=== Collected data ===
━━━

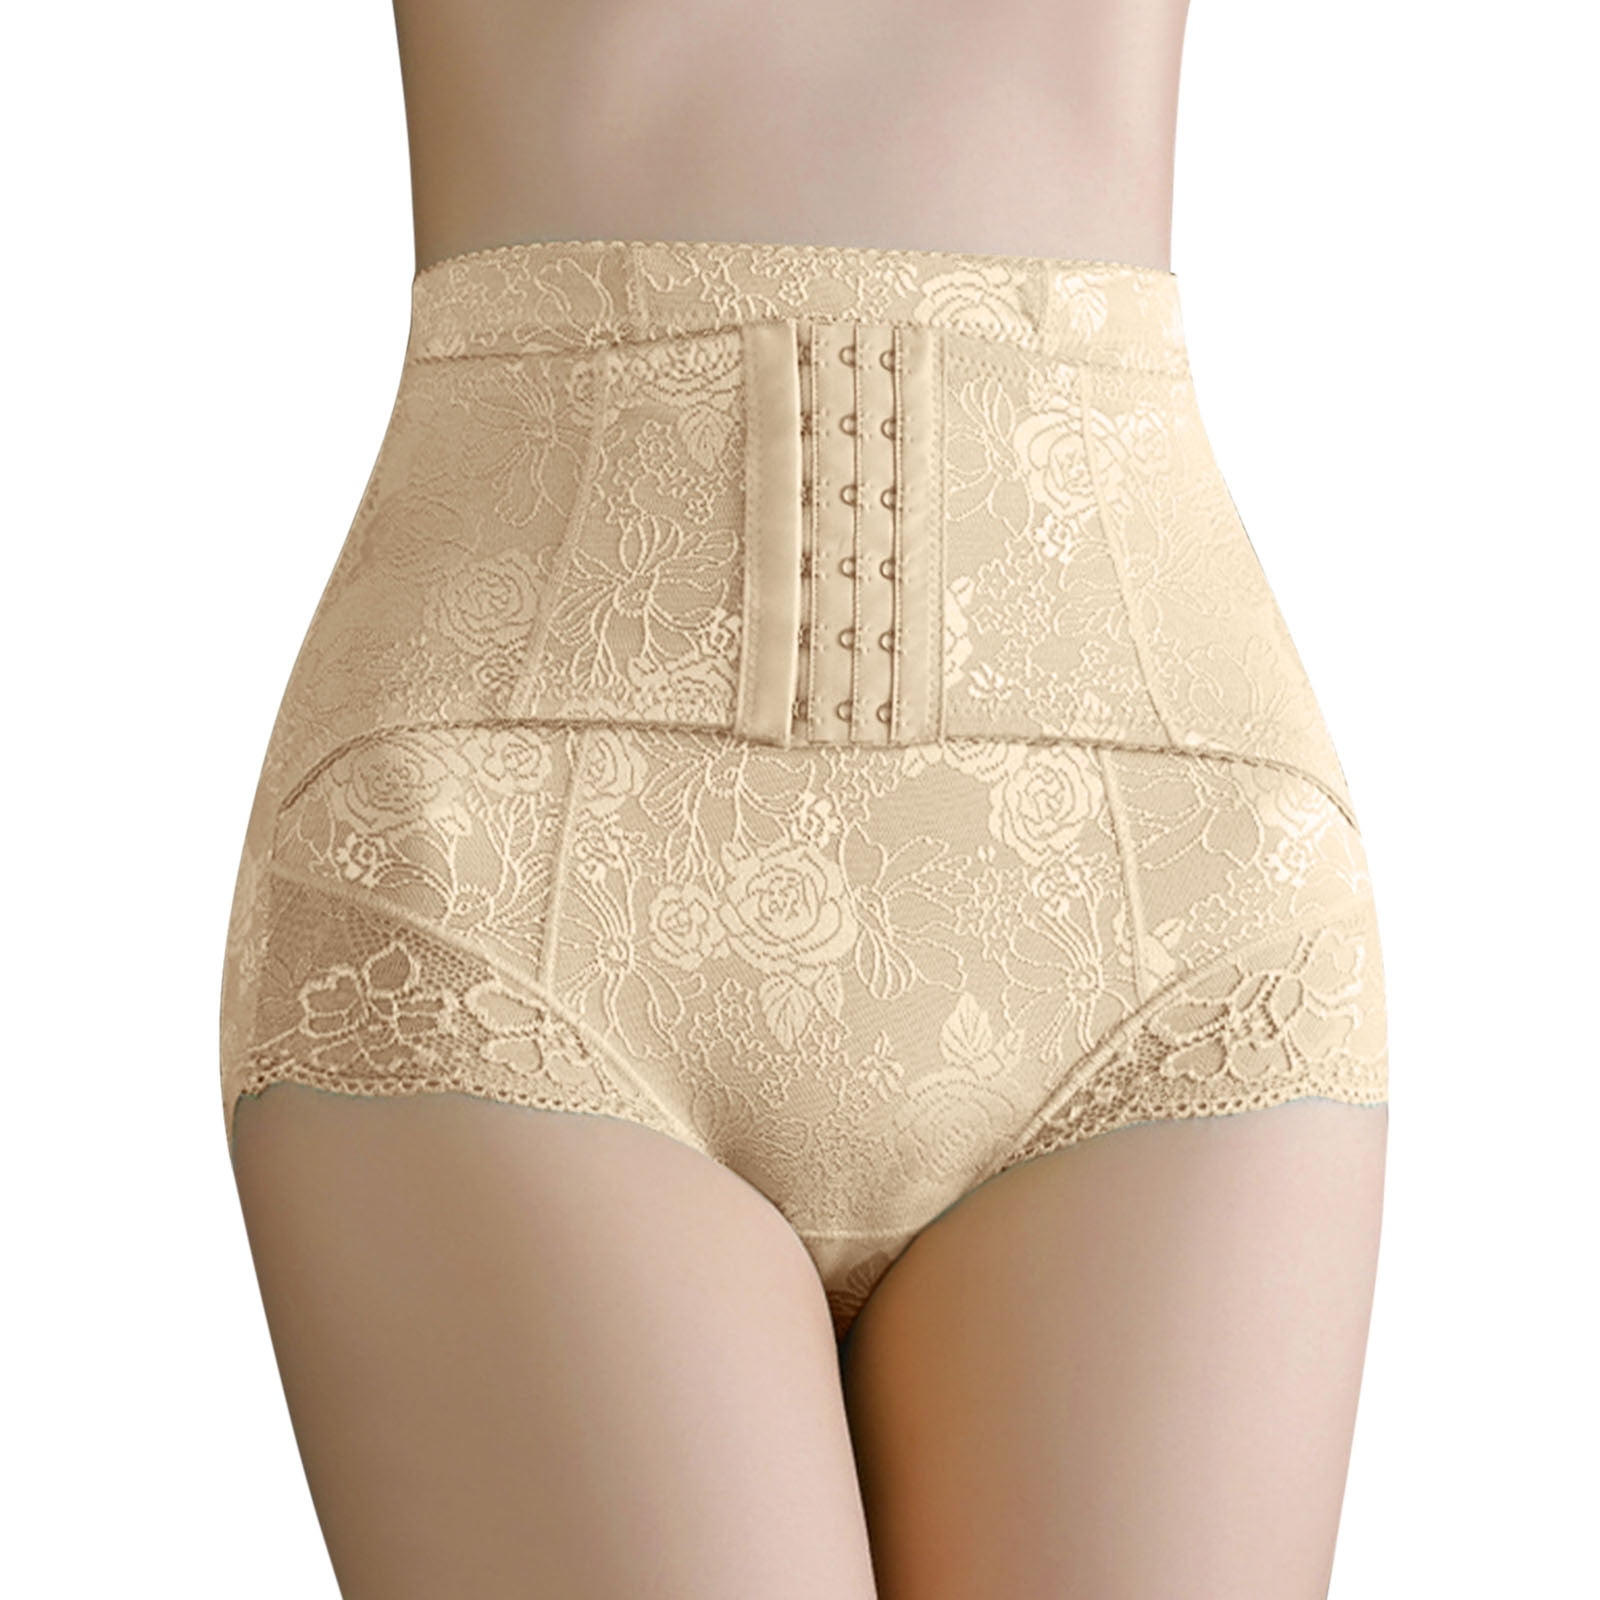 ZMHEGW Womens Underwear Seamless Tummy Control Body Shaper High
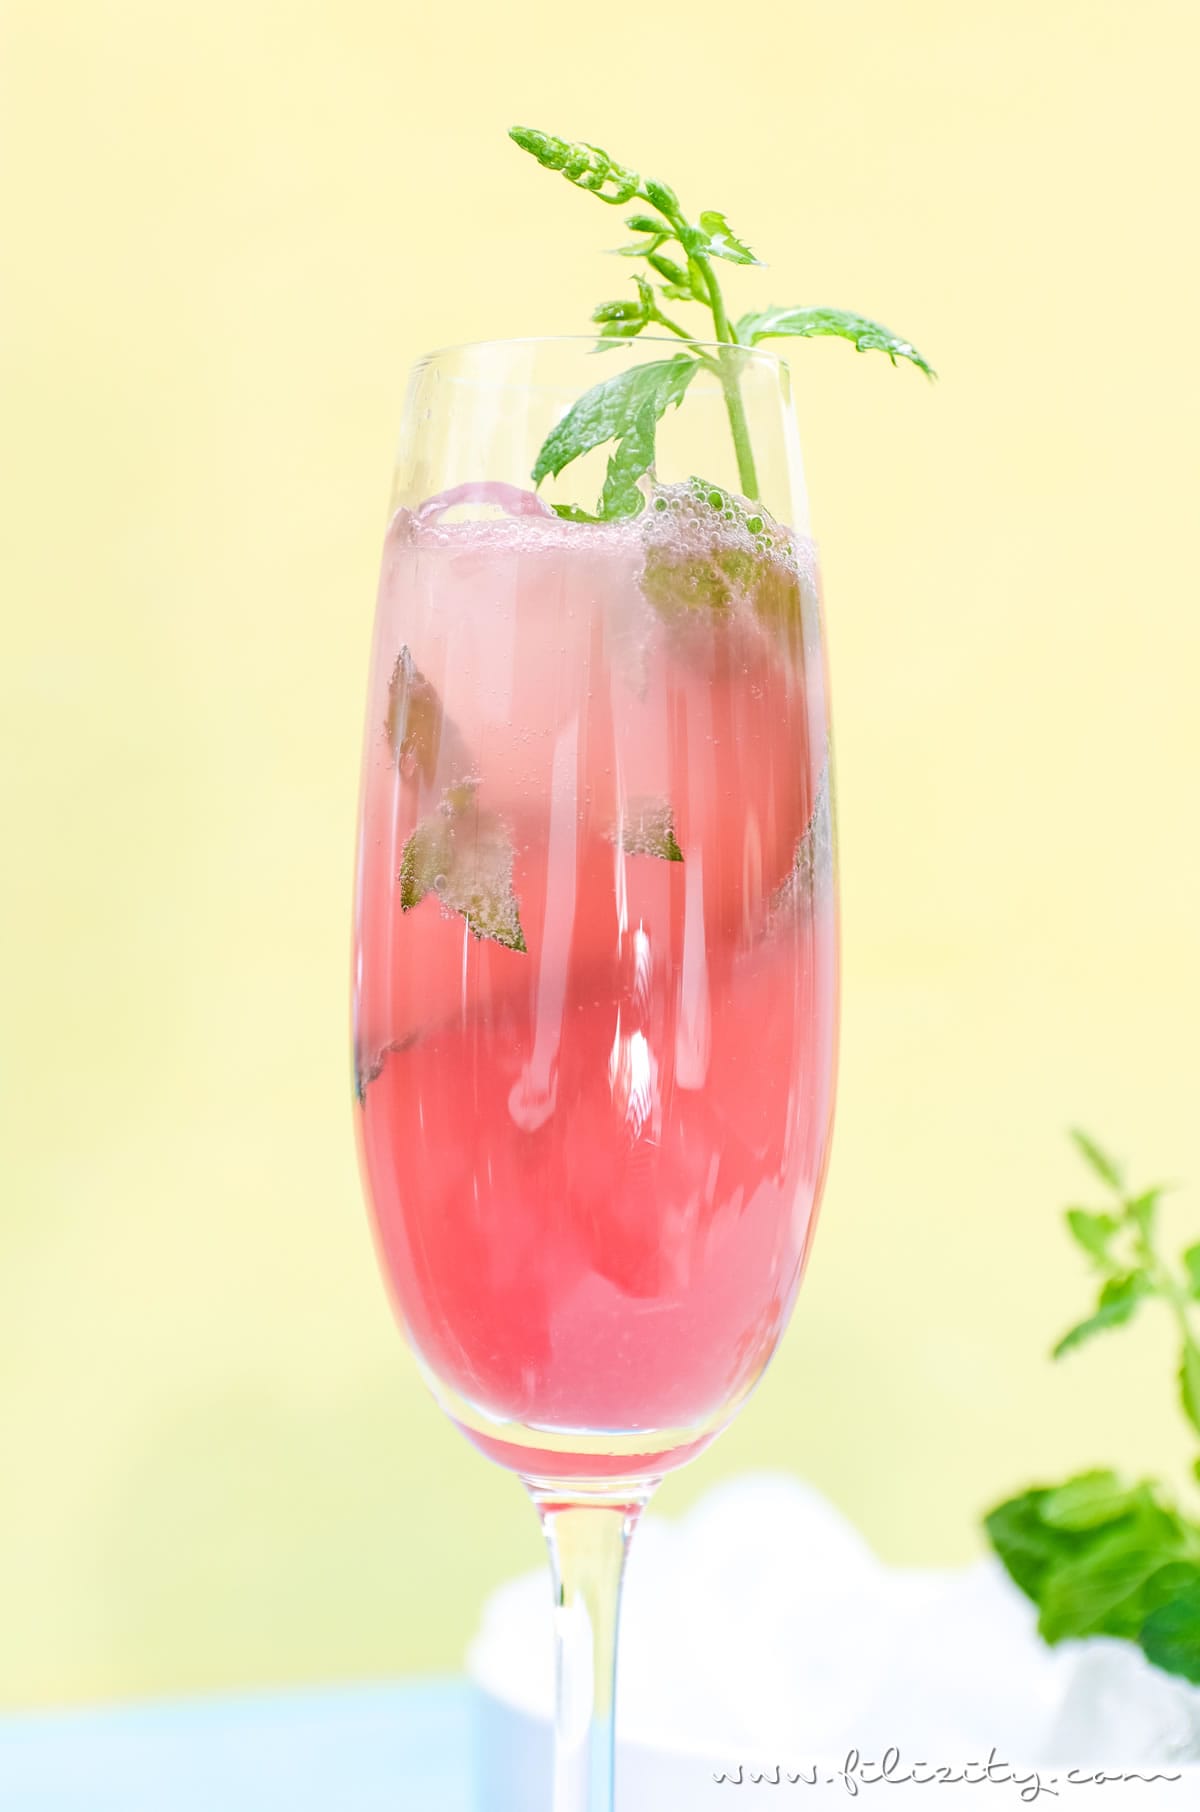 Rezept für einen Grapefruit-Cocktail mit oder ohne Alkohol | Erfrischender Sommer-Drink aus dem Slow Juicer | Filizity.com | Food-Blog aus dem Rheinland #cocktail #mocktail #sommer
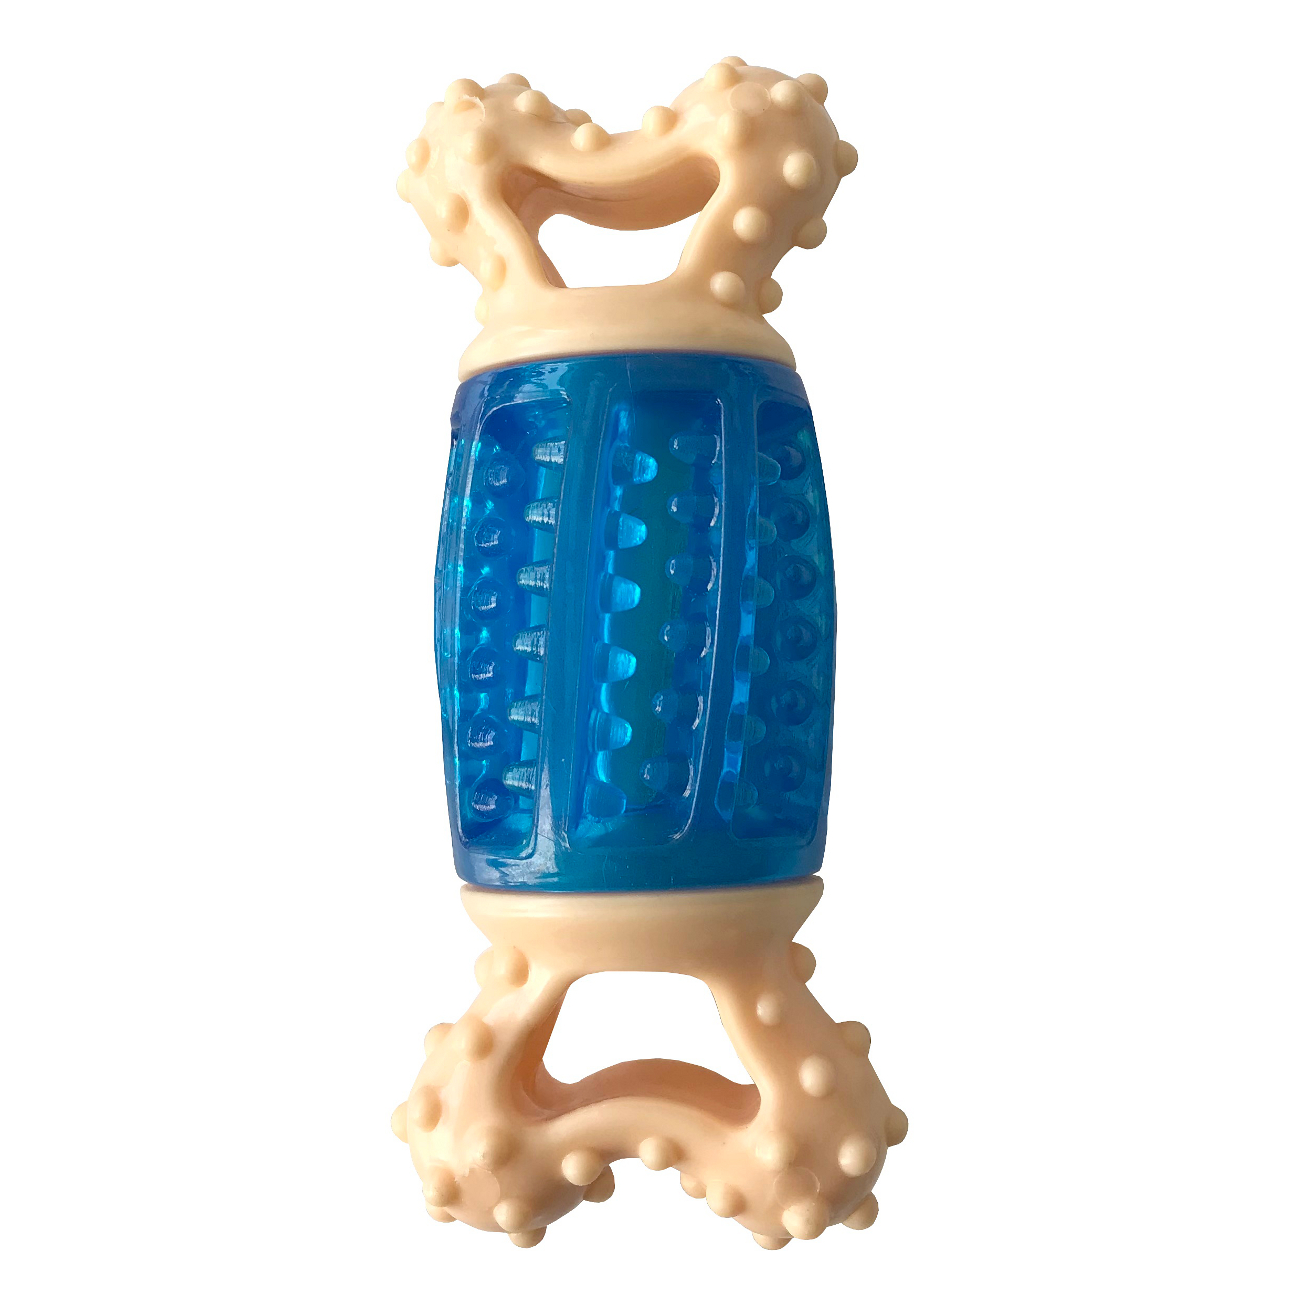 Lisinya205 Sağlam Plastik Sesli Dental Köpek Oyuncağı 13x4cm Mavi

━━━

=== What you will do ===
Repeat the data word for word; drop the pictures.

=== Answer below ===
 ZMHEGW Womens Underwear Seamless Tummy Control Body Shaper High
 Rezept für einen Grapefruit-Cocktail mit oder ohne Alkohol | Erfrischender Sommer-Drink aus dem Slow Juicer | Filizity.com | Food-Blog aus dem Rheinland #cocktail #mocktail #sommer
 Lisinya205 Sağlam Plastik Sesli Dental Köpek Oyuncağı 13x4cm Mavi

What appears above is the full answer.